HLS — HTTP Live Streaming — is Apple's adaptive streaming protocol and one of the two dominant standards in modern video delivery (alongside dash). Created by Apple in 2009 to power the original iPhone, HLS chops video into short segments (typically 2–10 seconds each), publishes a .m3u8 playlist listing the segments at multiple bitrates, and lets the player switch between bitrates as the network changes. The protocol is built on plain HTTP, which means it works through firewalls and CDNs without special infrastructure.

The reason HLS matters beyond Apple is mandatory iOS support. iPhones, iPads, Apple TVs and Safari can only play streaming video via HLS — Apple doesn't permit DASH or any other adaptive protocol in their ecosystem. So any service that wants to reach iPhone users (most of premium streaming subscribers in many markets) must ship HLS. Historically HLS used MPEG-TS segments, which made it incompatible with DASH's fragmented MP4 — but the 2017 adoption of CMAF + fMP4 in HLS unified the two protocols at the segment level, allowing one encoded set of files to serve both.

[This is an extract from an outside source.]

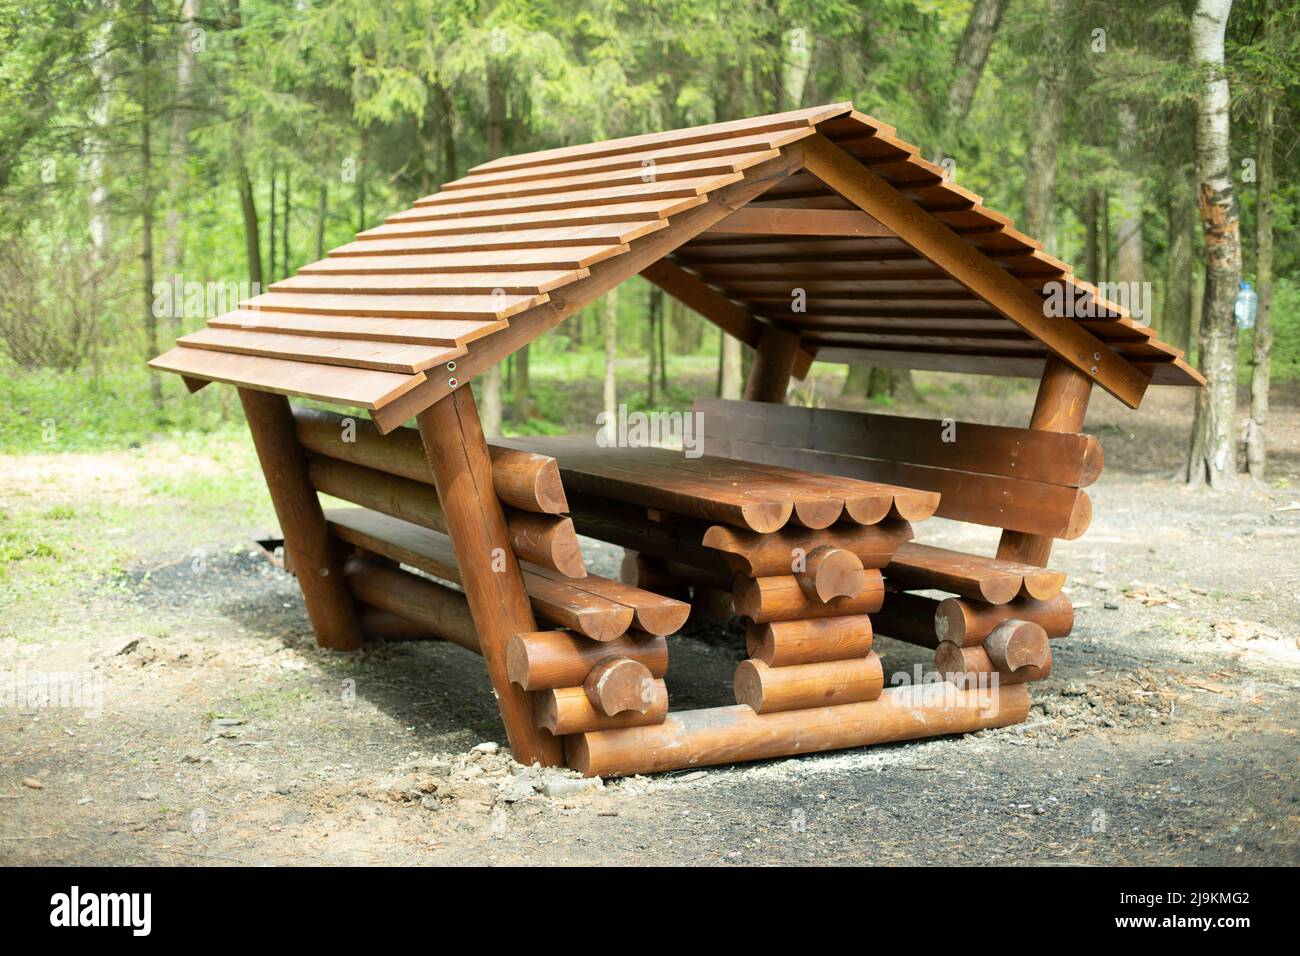 Cabin for relaxation in forest. Place for picnic in nature. Log structure. Place to relax. Stock Photo

For a product team in 2026, HLS is half of the universal streaming recipe: encode once, package as CMAF, expose via both an HLS .m3u8 playlist (for Apple devices) and a DASH MPD manifest (for everything else), serve identical fMP4 segments from your CDN to both. Apple has continued evolving HLS with low-latency extensions (LL-HLS, 2019) and improved encryption profiles. The encoding-side details — segment length, keyframe alignment, manifest structure — are mostly handled automatically by modern packagers (Shaka Packager, AWS MediaPackage, Bitmovin). For the encoding/decoding KB, HLS is mostly relevant as the receiving end of the encoder pipeline; the Streaming KB will cover HLS operations in depth.